Standards for Minimum Password Length

Best practices are 8 characters or more, but only 41 percent of those surveyed meet those standards. Nearly 60 percent of the servers in the study failed to satisfy a minimum of 7-character passwords, and 98 percent did not pose restrictions on characters.

Note that IBM i introduced QPWDRULES with V6.1. That system allows managers to designate password policy settings in a single repository. As with the other security features uncovered in the study, the system itself allows for best practices, but users are failing to utilize them.

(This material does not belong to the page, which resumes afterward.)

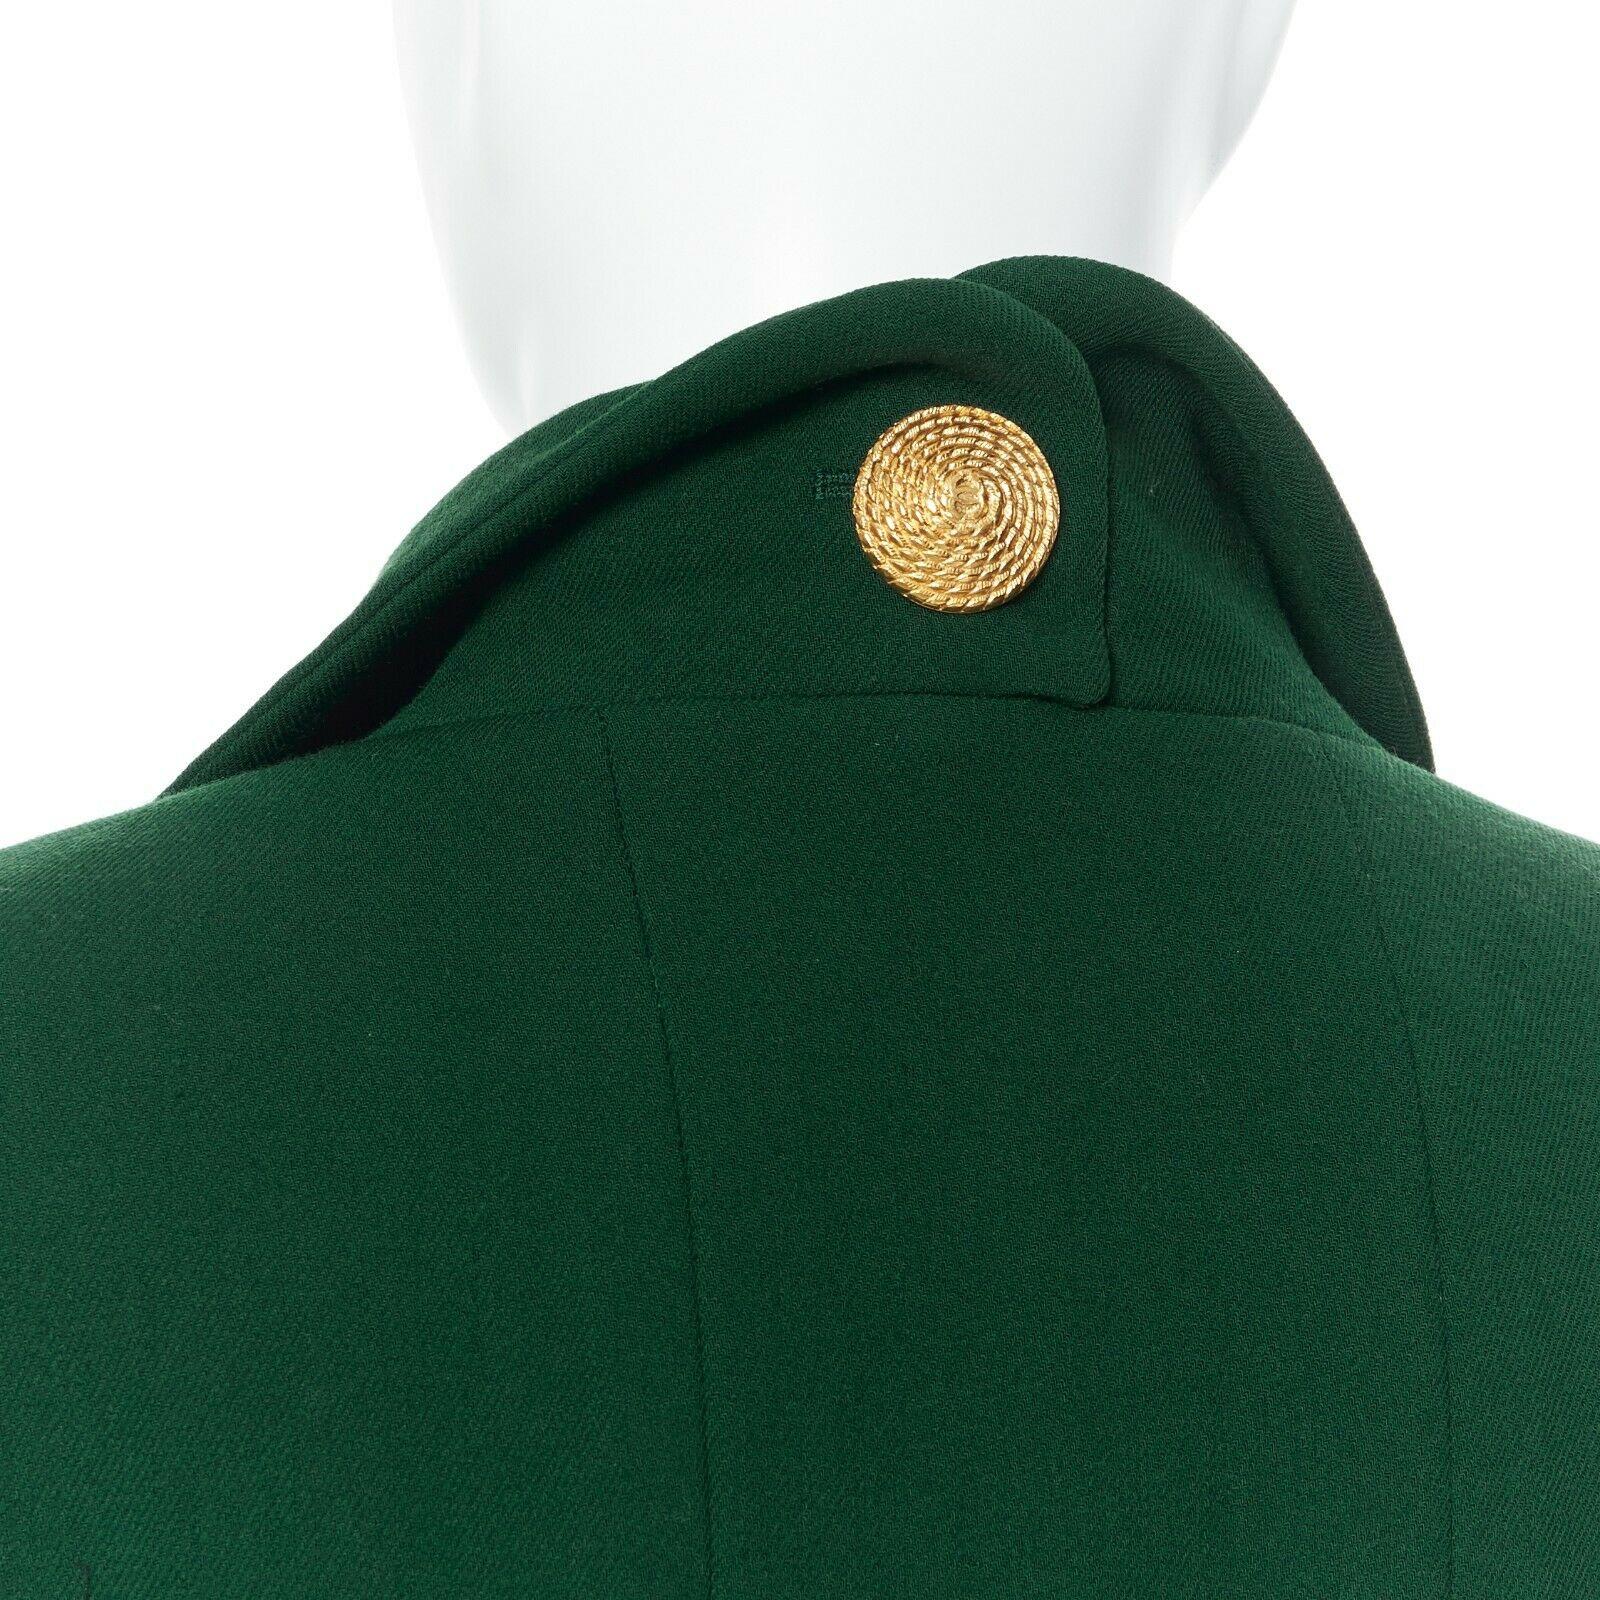 Women's CHANEL 92A vintage emerald green 4 pockets gold buttons tailored jacket

Your sys admins need to establish automated and sensible password expiration policies. The study, by way of example, revealed that of the clients they audited, 54 percent do not require a digit in passwords, resulting in common words or alpha-only (weak) passwords.

Also, put automated notifications and locks in place in the event of failed login attempts. Your company will be the most protected when a profile is disabled or locked if the maximum login attempts are exceeded. IBM i also allows for multi-factor authorization or asking for one more credential in addition to the username and password.

Build Guidelines that Suit Your Culture

There is no one-size-fits-all solution for every business environment. IT managers may be reluctant or opposed to putting limitations on super users or admins with unrestricted access with a single authentication. The more automation that is in place, the more audit trails and documentation are cemented into your workflow, the easier it is to safeguard your customer and company data.

Most facility security policies all but guarantee that an ex-employee can’t gain access to your building or a floor using an expired key card. Your databases and client records need just as much protection as your physical facilities.

Often, a retiring IBM i admin walks out the door with their knowledge locked inside their head. This means that team leaders are unaware of all of the daily activities of admins, and when those key employees leave the company, it’s not uncommon that their knowledge base and daily routines leave with them.

Documentation and audits are both time-consuming and most of your staff is busy with day-to-day duties. However, waiting for an employee to announce a departure is the worst time to document that person’s workflow.

Third-party cloud management not only ensures improved auditing, reporting, and security, it also provides continuity and redundancy. An experienced team with deep knowledge of existing legacy infrastructure and newer data management strategies ensures seamless operations for staff and customers as well as needed redundancy.